(Data excerpts)
- - - - -

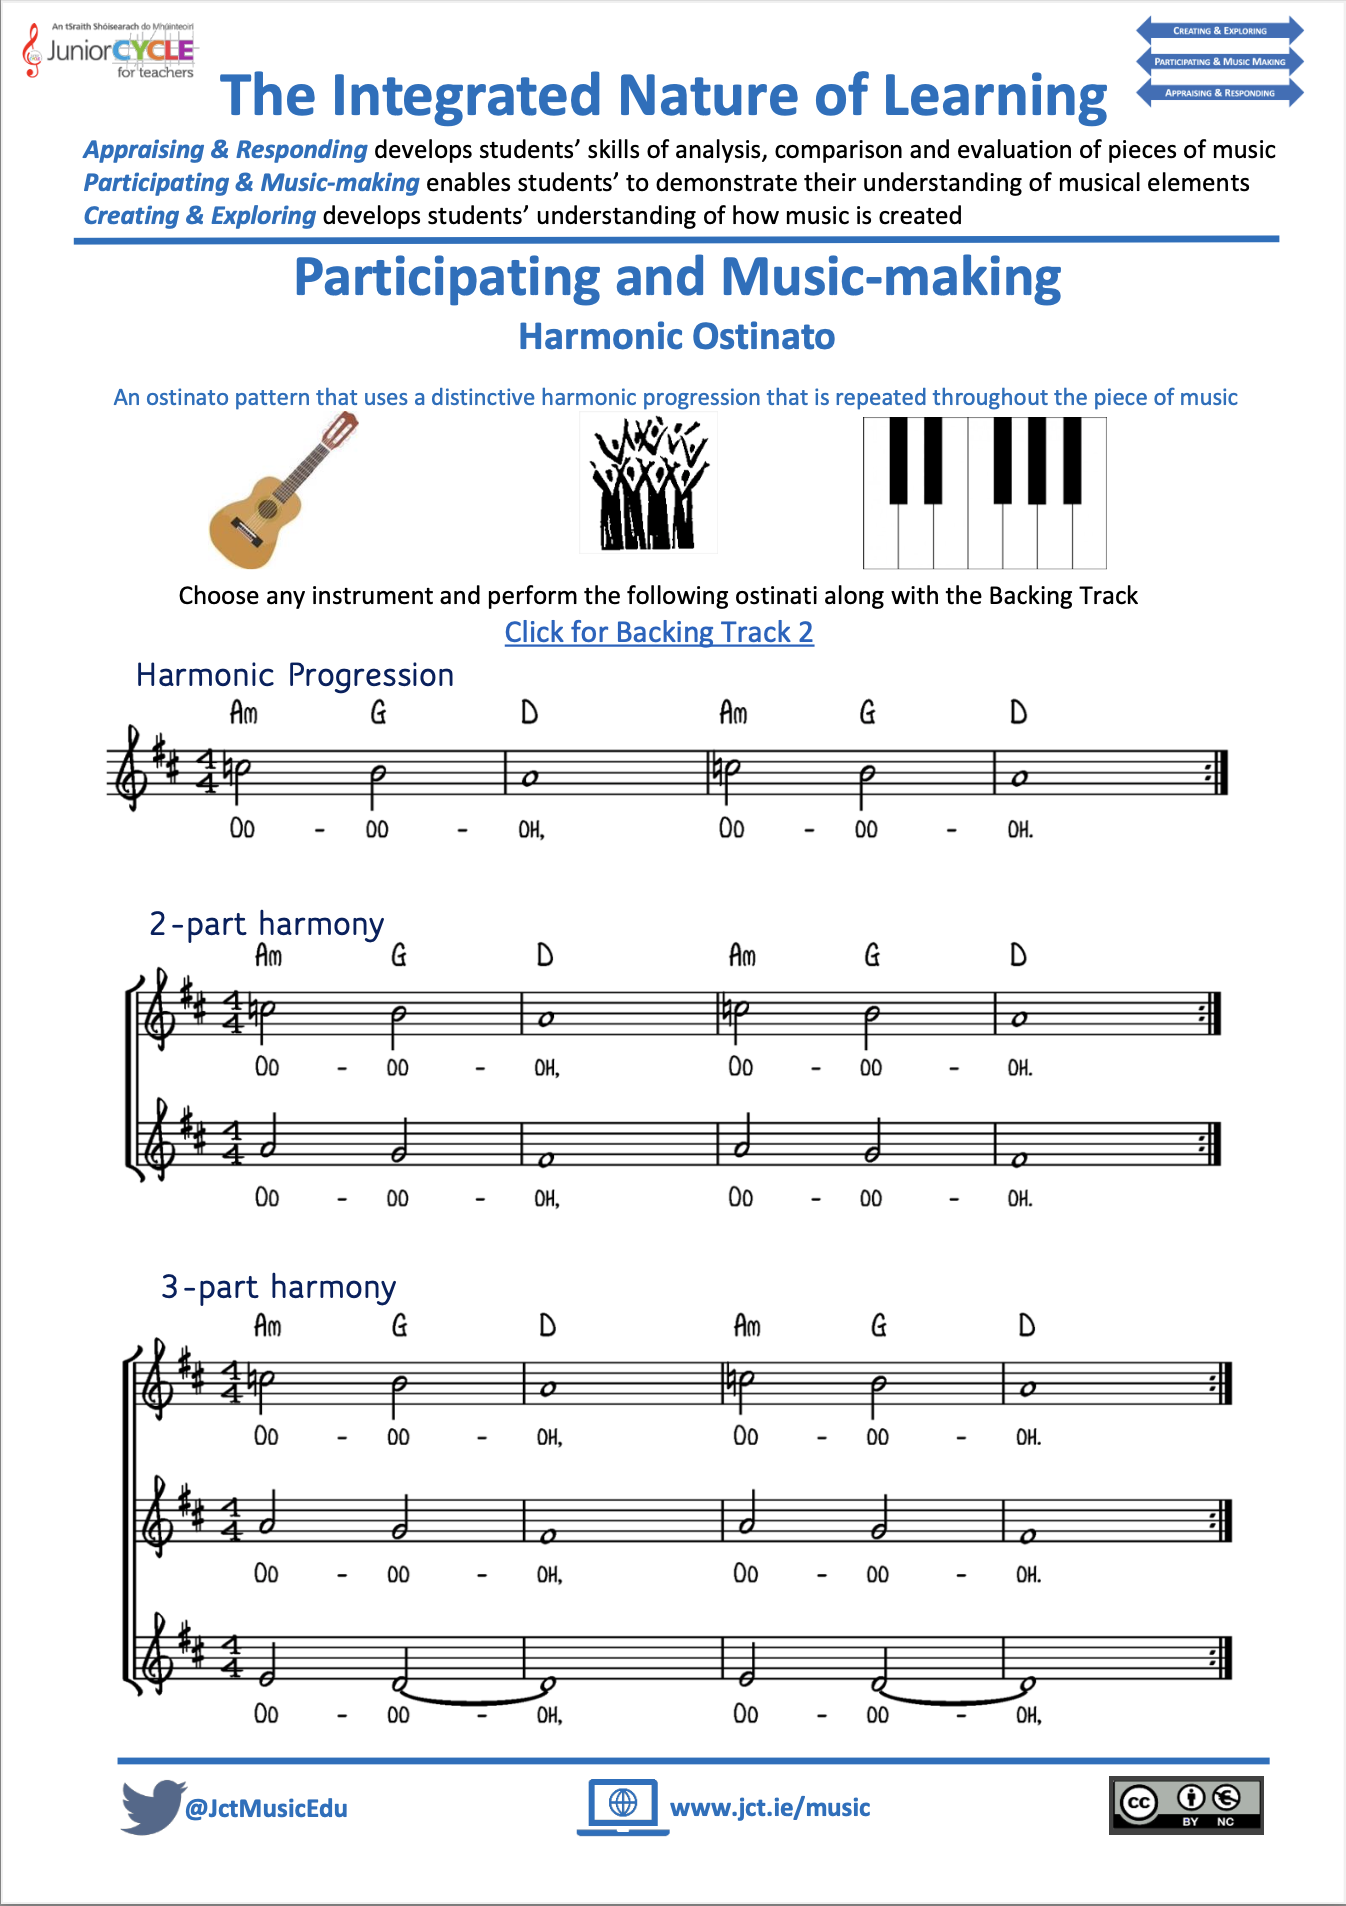 The Integrated Nature of Learning: Participating and Music-Making (Harmonic Ostinato 2)
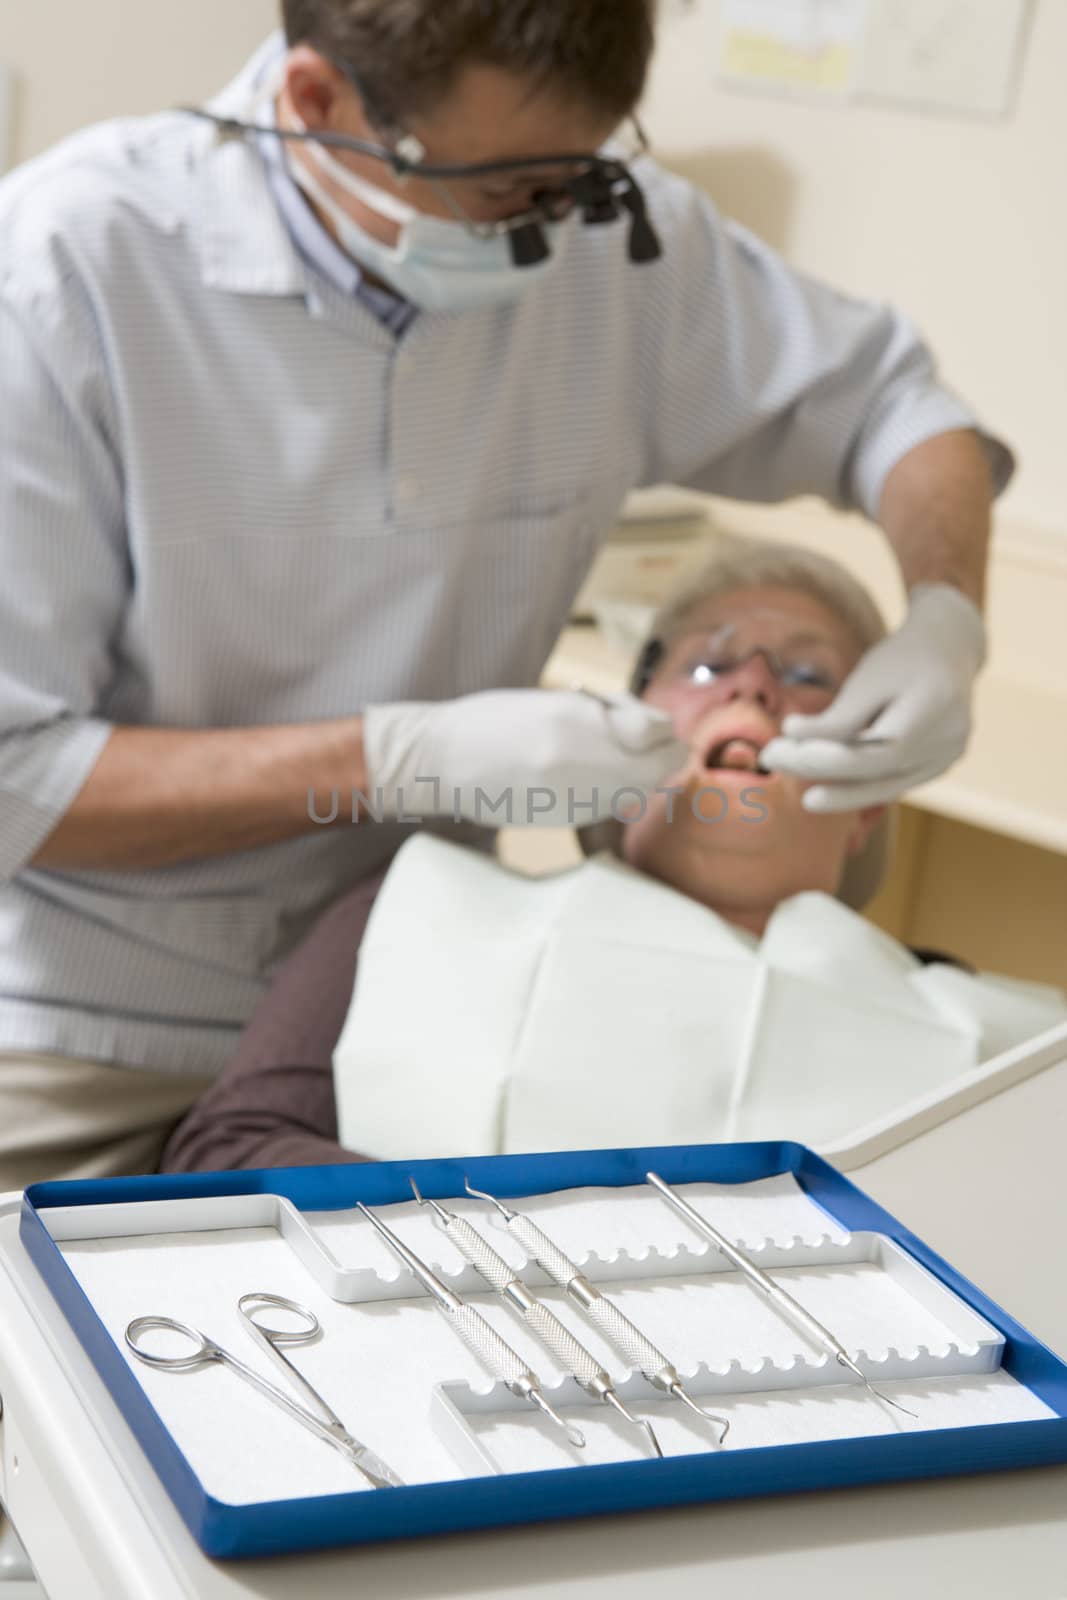 Dentist in exam room with woman in chair by MonkeyBusiness
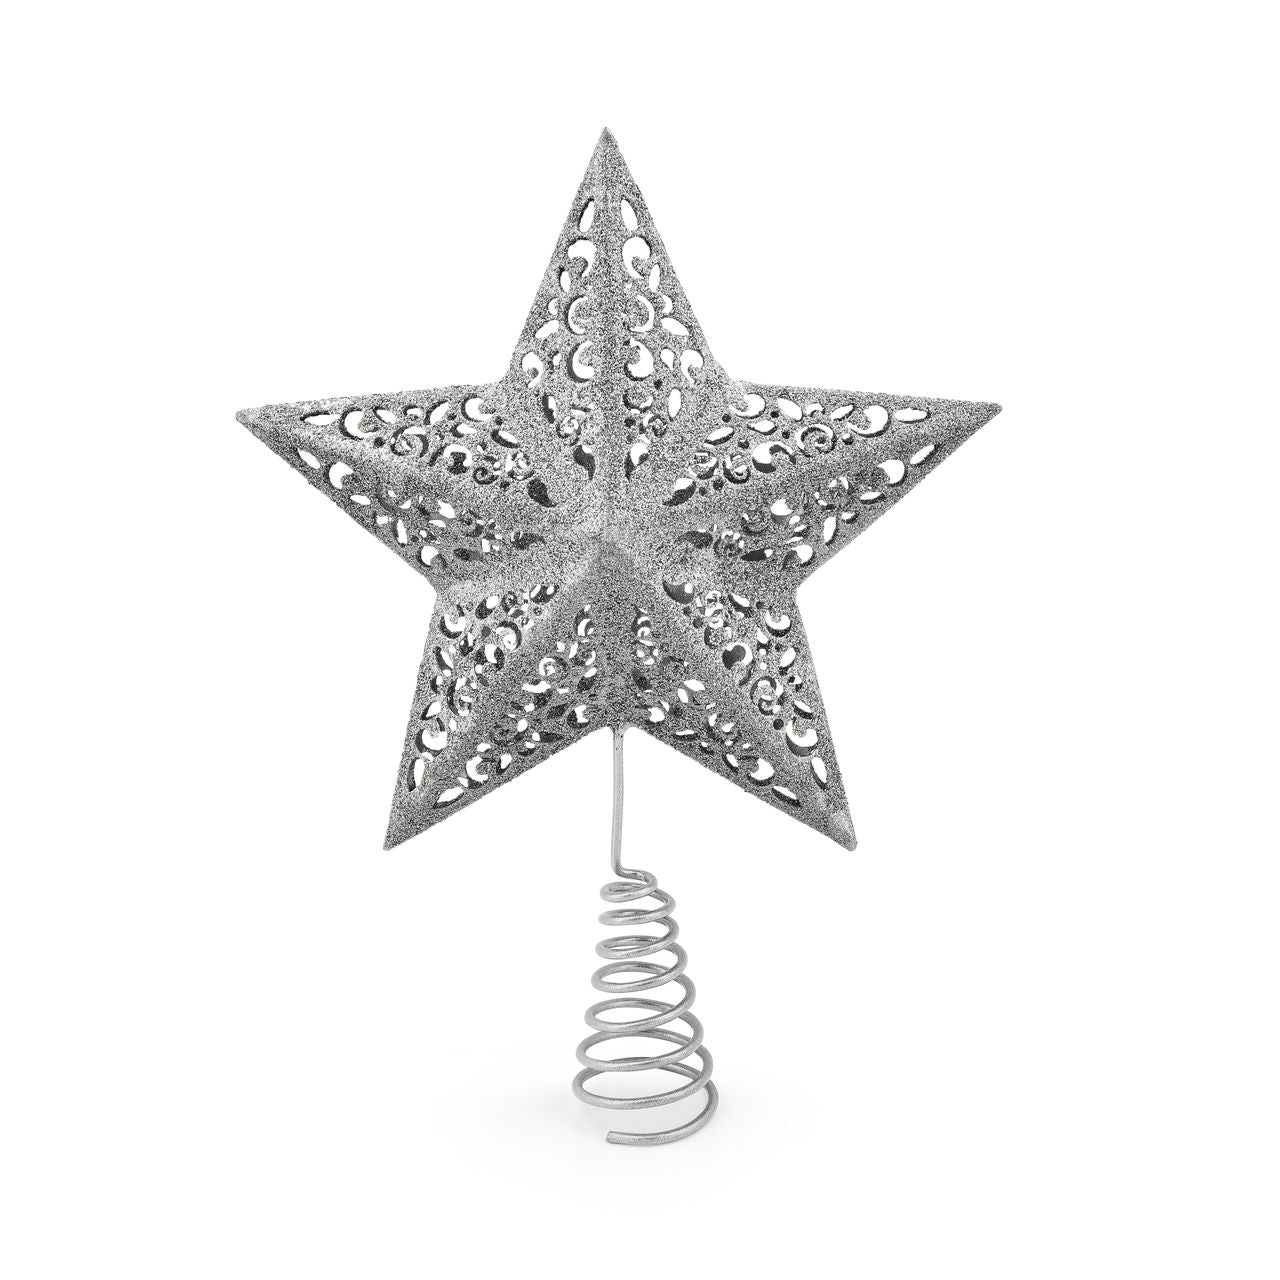 Silver Christmas Tree Topper  We just Love Christmas! The festive season, the giving of gifts, creating memories and being together with family and loved ones. Have lots of fun with our lovingly designed and created Christmas decorations, each one has a magic sparkle of elf dust!
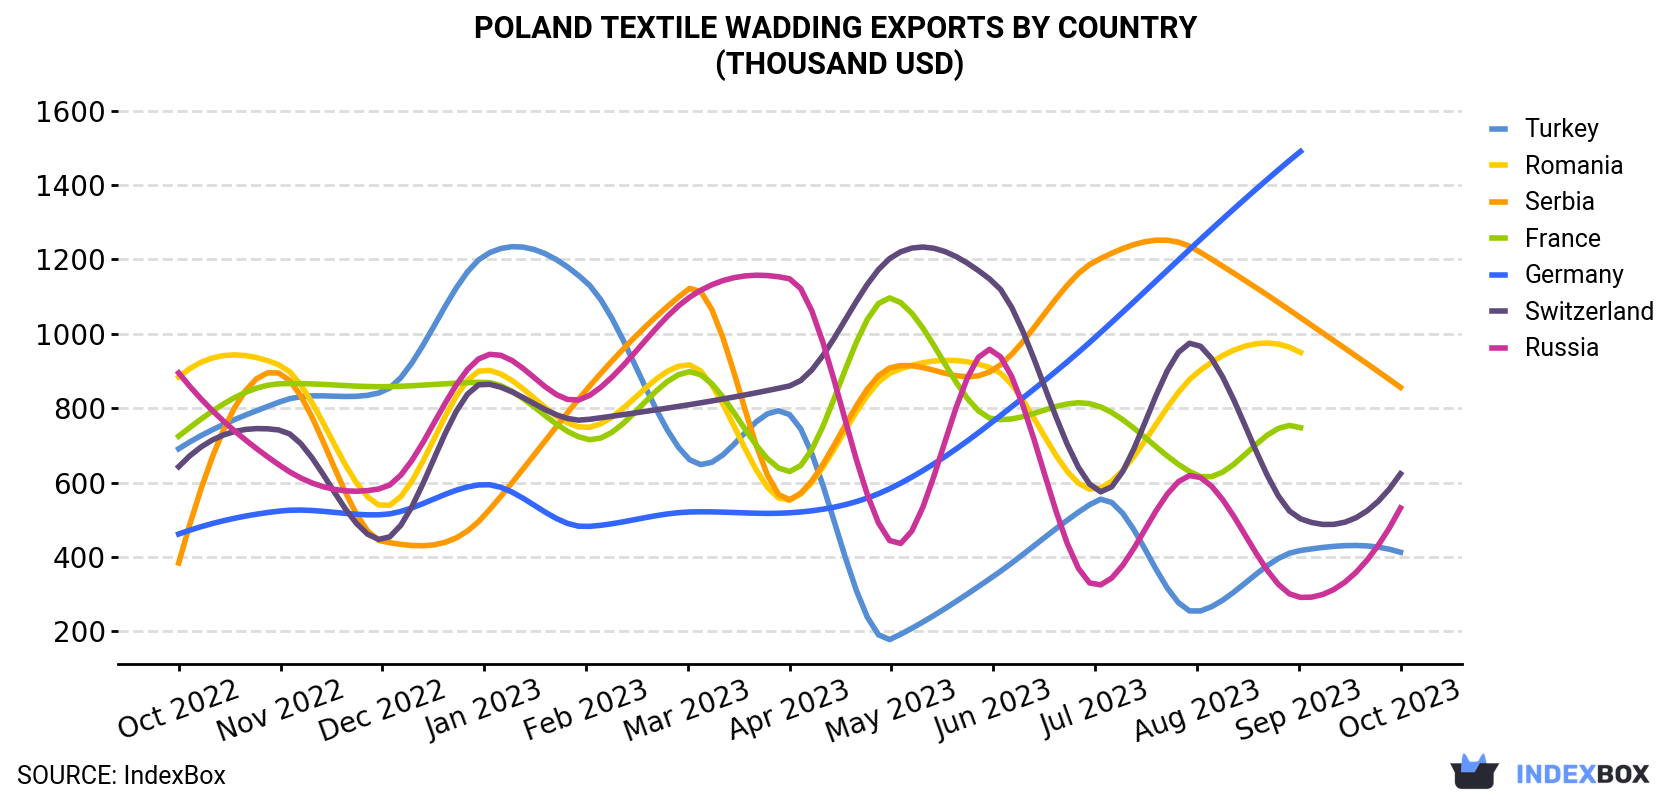 Poland Textile Wadding Exports By Country (Thousand USD)
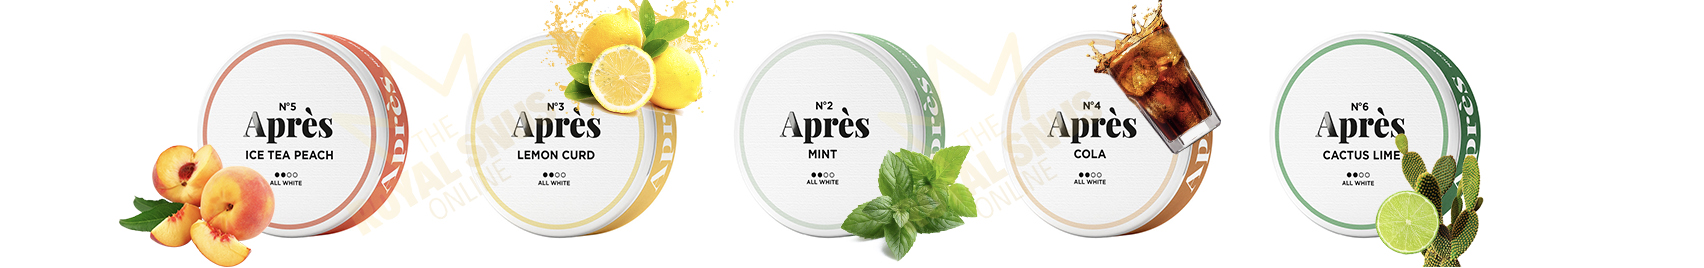 Buy Apres nicotine pouches online at The Royal Snus Online

- - - - -

> **Exercise details**:
Pictures stay out; the records above are otherwise reproduced exactly.

> **Task solution**:
 The Integrated Nature of Learning: Participating and Music-Making (Harmonic Ostinato 2)
 Dentist in exam room with woman in chair by MonkeyBusiness
 Silver Christmas Tree Topper  We just Love Christmas! The festive season, the giving of gifts, creating memories and being together with family and loved ones. Have lots of fun with our lovingly designed and created Christmas decorations, each one has a magic sparkle of elf dust!
 Poland Textile Wadding Exports By Country (Thousand USD)
 Buy Apres nicotine pouches online at The Royal Snus Online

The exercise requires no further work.